A unique aspect of Burning Man is the absence of all forms of commerce – you cannot buy or sell anything. You are expected to bring enough water to keep yourself alive, and ideally some food, but beyond that everything is gifted. It is an odd experience to wander around the desert at night, only to find yourself haled at by a stranger inviting you to take a seat at his makeshift bar and enjoy one of his cocktails. No one minds if you have come to Burning Man purely as an observer, although most people who return feel that they want to contribute something. During the day there are tents offering everything from healing sessions to couples classes in S&M.

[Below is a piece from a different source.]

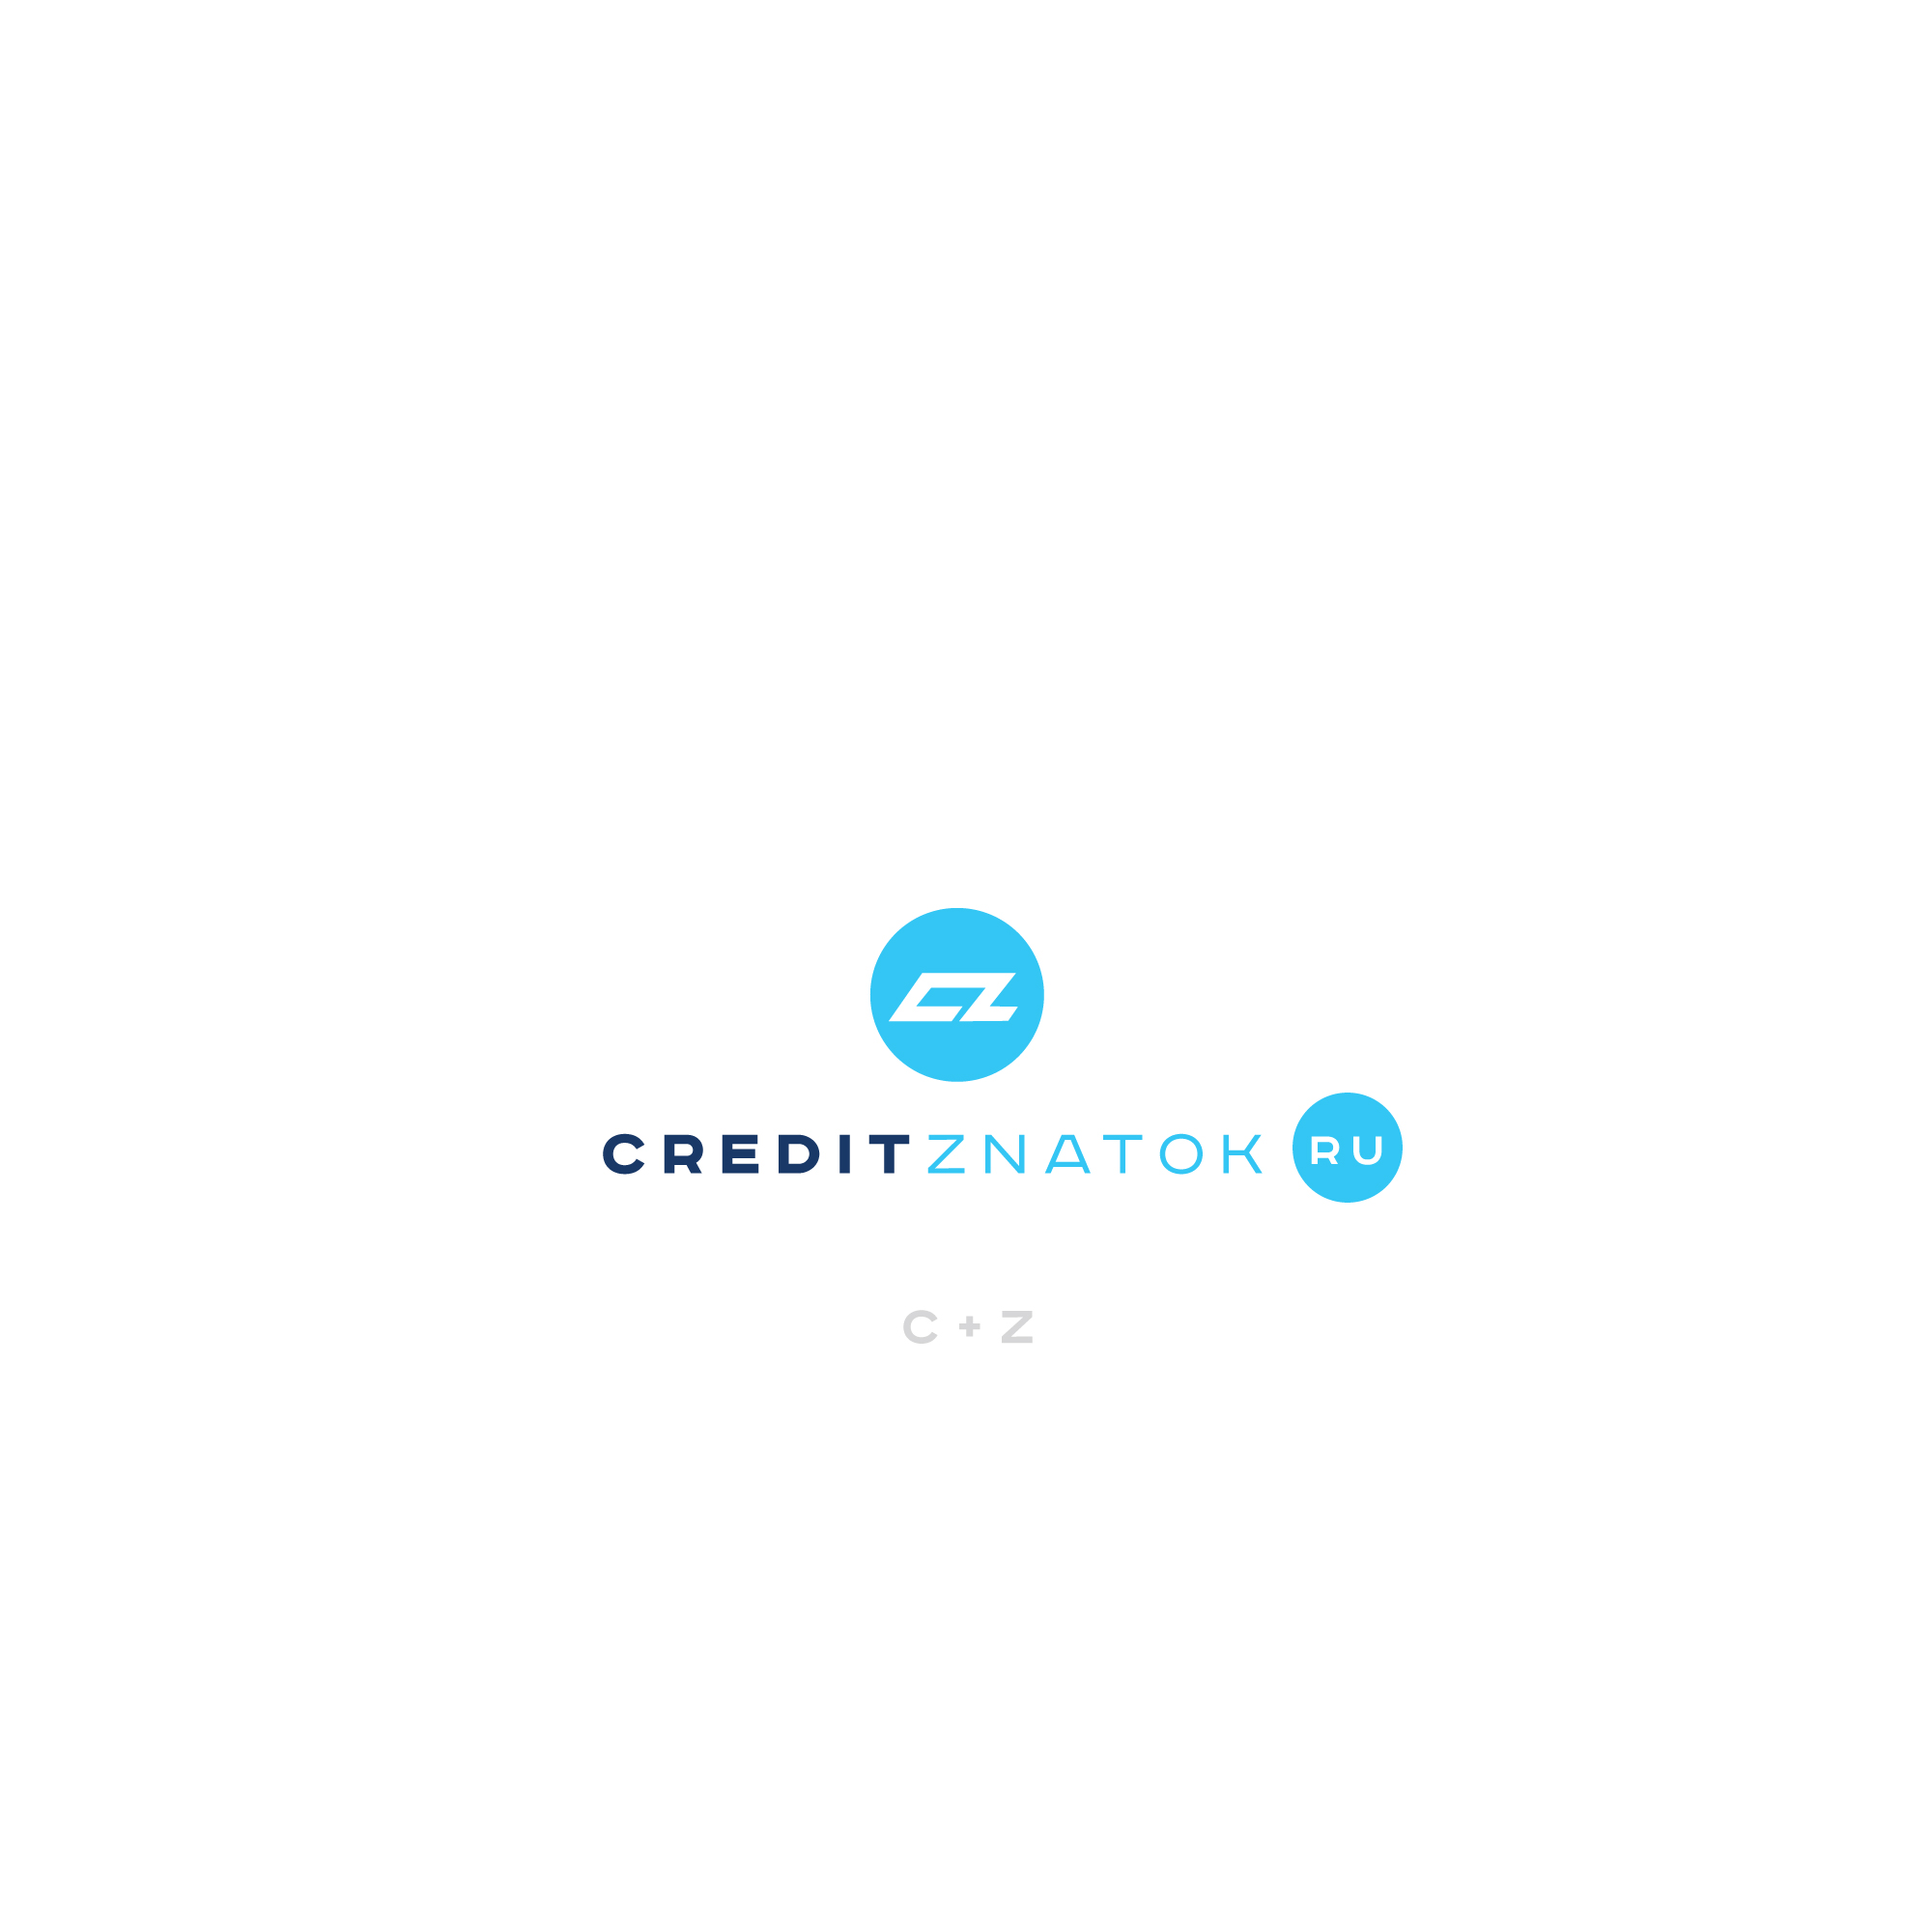 creditznatok.ru - логотип фото f_3235899a1e38f7e0.jpg

Of course, there is also a fair amount of hokum. I was sharing an RV with my friend James who has just returned from four years in Afghanistan. He thinks he is suffering from PTSD and wanted to visit a healer. I accompanied him to a healing tent and left him to the ministrations of Ken, a grand master of the healing gaze. Ken made all the participants sit in two rows facing each other, then he instructed James to stare into his male partner’s eyes and to locate his femininity side in his partner’s masculinity. While staring at each other, Ken encouraged the participants to concentrate on giving their partner a gift, no matter what: ‘If you feel you wish to give the gift of Kali the Hindu Goddess of Destruction, then do so. As long as you give it as a gift, it is good.’

James became distracted by his partner’s dust-frosted white eyelashes. As a result, he failed to locate his feminine side in his partner’s eyes or to give a gift, of destruction or otherwise. At the end of five minutes of staring, James politely shook his partner’s hand. His partner remarked: ‘Total polarity, the t-shirt says it all.’ Looking down at his t-shirt, James saw a picture of a superhero with the words ‘The Invincible Iron Man’ emblazoned across it.

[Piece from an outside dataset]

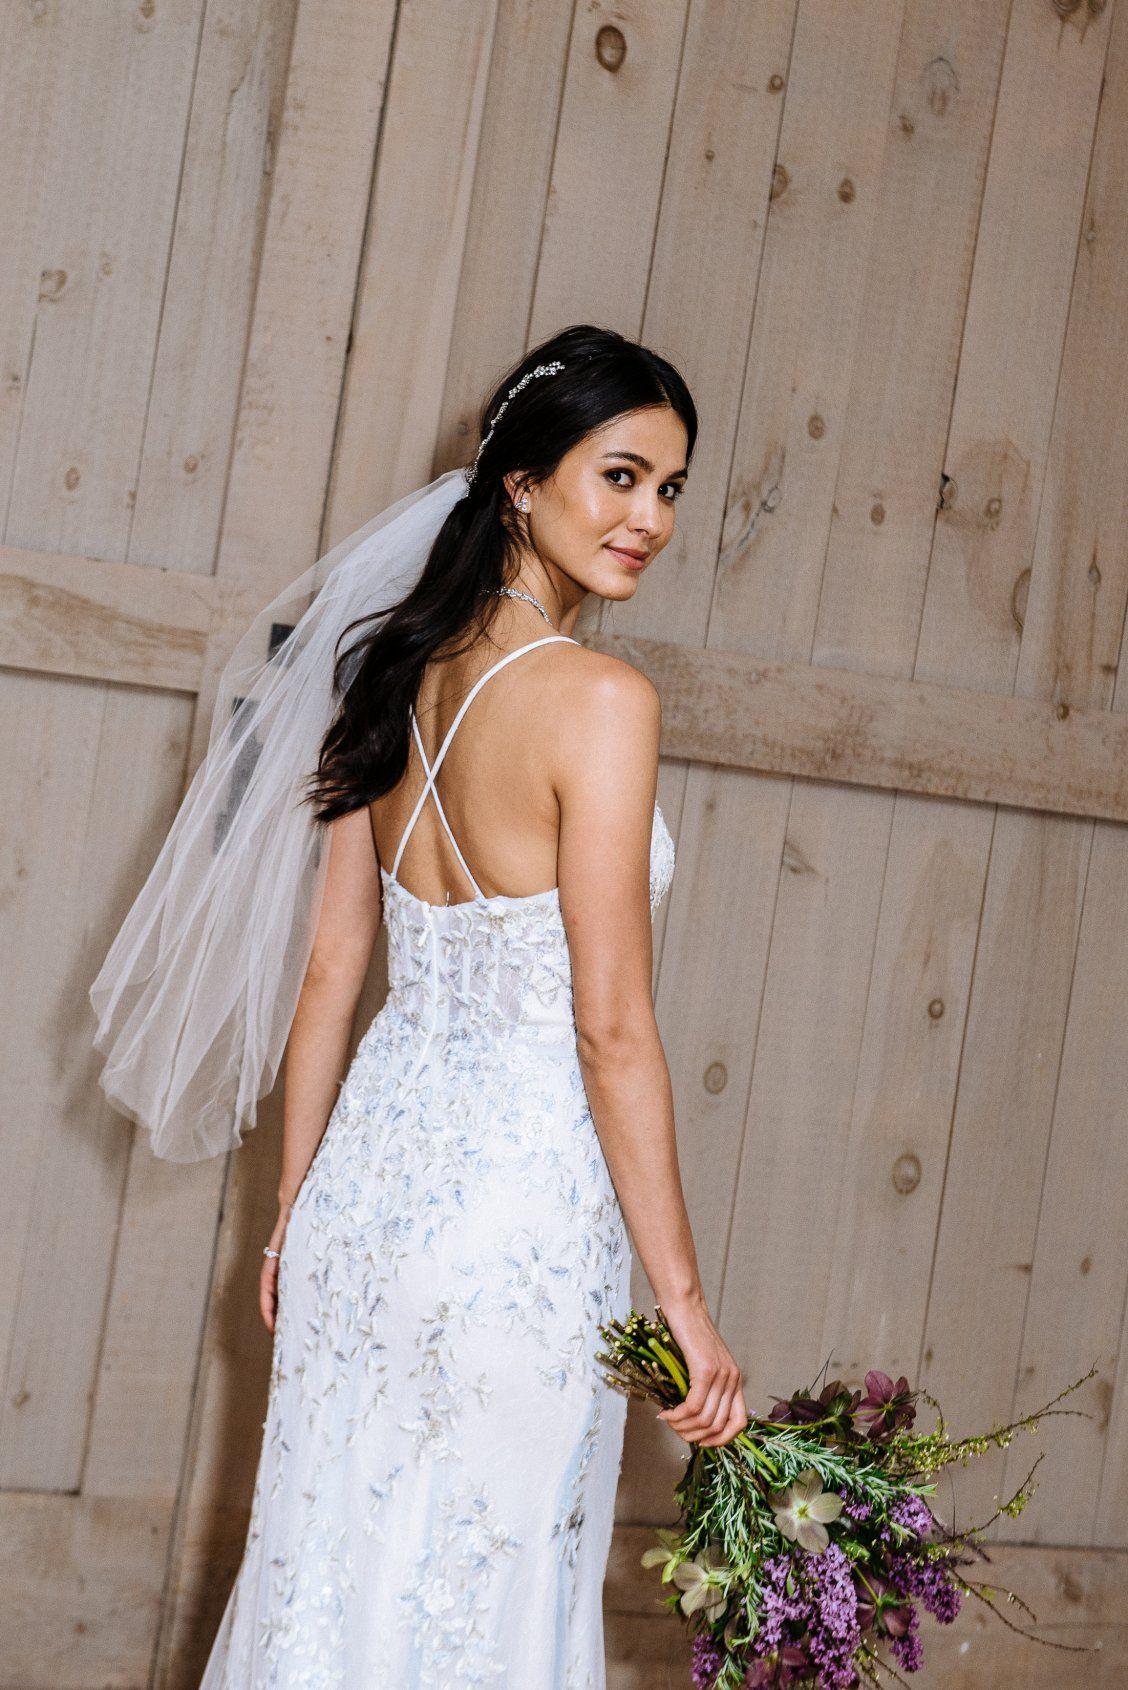 3823096404a0b Melissa Sweet Spaghetti Strap Ivory/Cloud Blue Sheath Wedding Dress  available at David's Bridal

However, irrespective of Ken and his ilk, Burning Man does raise some serious issues. It is interesting how, when given a high degree of responsibility, people behave responsibly. The absence of regulations and the extreme environment create the potential for many kinds of hazards. And yet, over the week that I was there, I saw nothing untoward. This confirms my belief in a more general principle: the way we treat people determines the way that they behave. Similarly, if we keep telling children that they are irresponsible, or we keep telling people that they are mentally ill, then we effectively prevent them from changing and improving. Of course it’s not black and white, but currently I do not think we have the right balance.

Secondly, it is interesting how the absence of money, the fact that cell phones don’t work, and participation in a shared enterprise, makes people engage with one another in ways that we have all but forgotten. Standing in a queue at midday, strangers freely talk to each other and neither is afraid that the other is about to ask for money. This unusual human dynamic may be the reason why people return time and again. Perhaps it provides modern urban individualists with a sense of community, be it ever so ephemeral.

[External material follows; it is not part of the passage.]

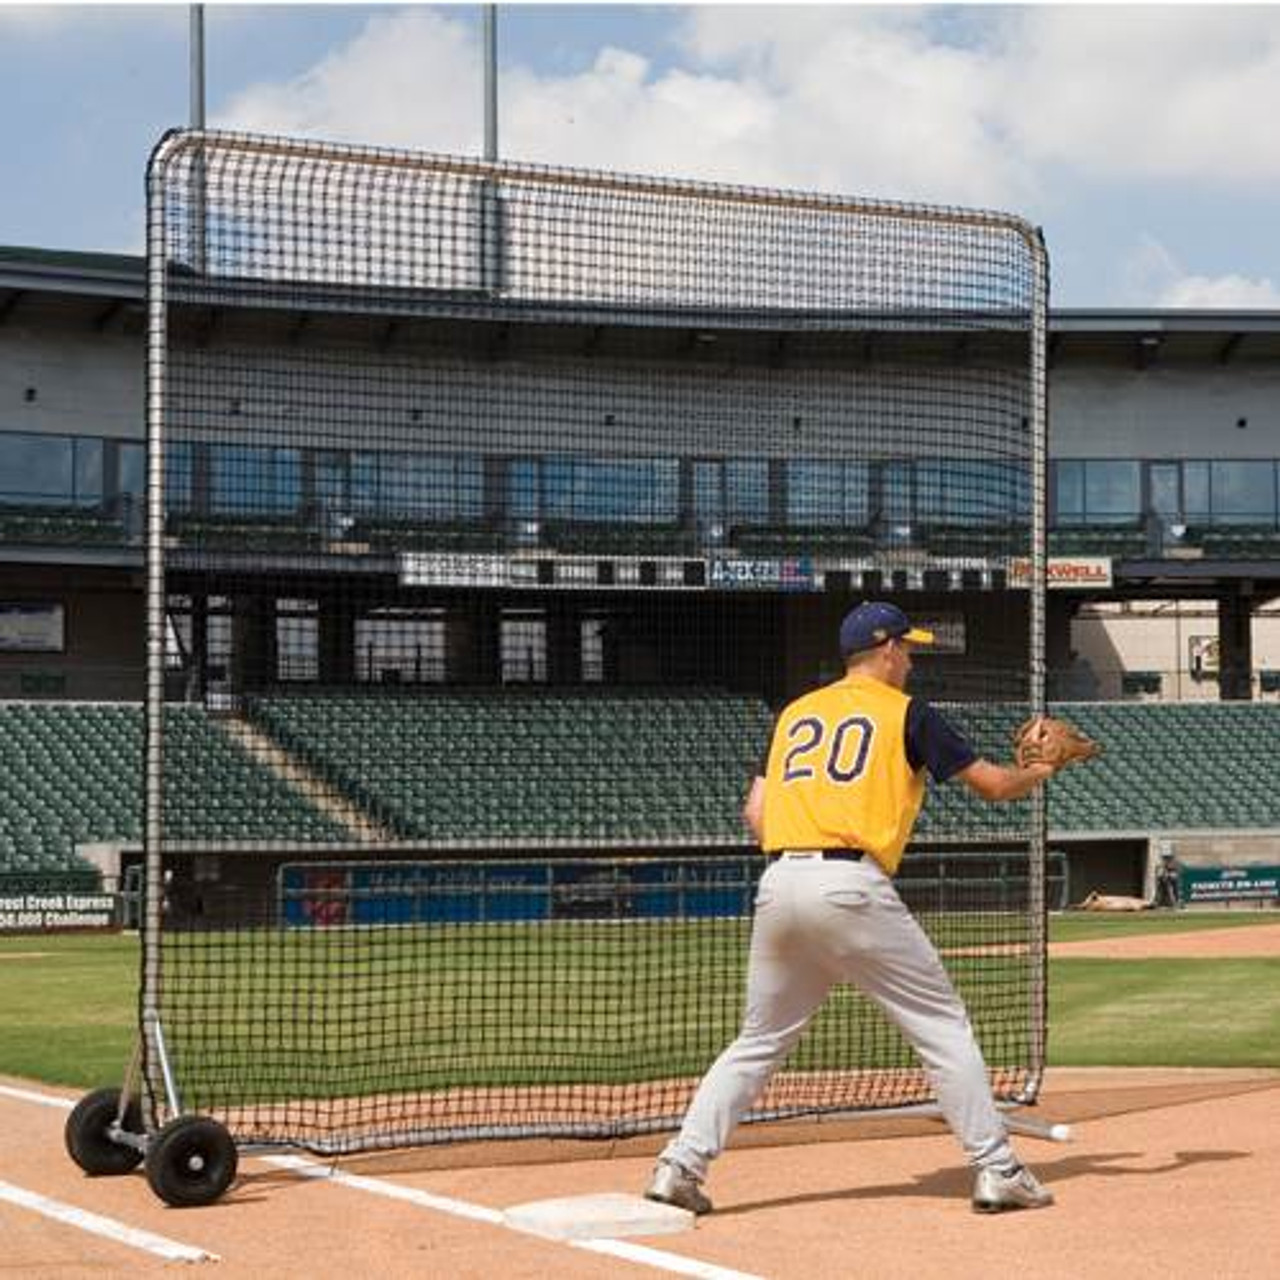 Baseball Protector Pro Base Fungo Screen 8' x 8'

Finally, it is initially quite disconcerting constantly to be given things for free. It takes some time to still the inner voice which asks, ‘But what do they want from me?’ However, after a while you overcome the feeling of indebtedness and you realize that you do have something to give, namely the grace of receiving joyfully.  After all, that is what makes giving pleasurable.

What would happen if Burning Man lasted for more than a week? How would it cope if there were competition for resources? I don’t know. However, it is a fascinating experience which I would recommend to everyone.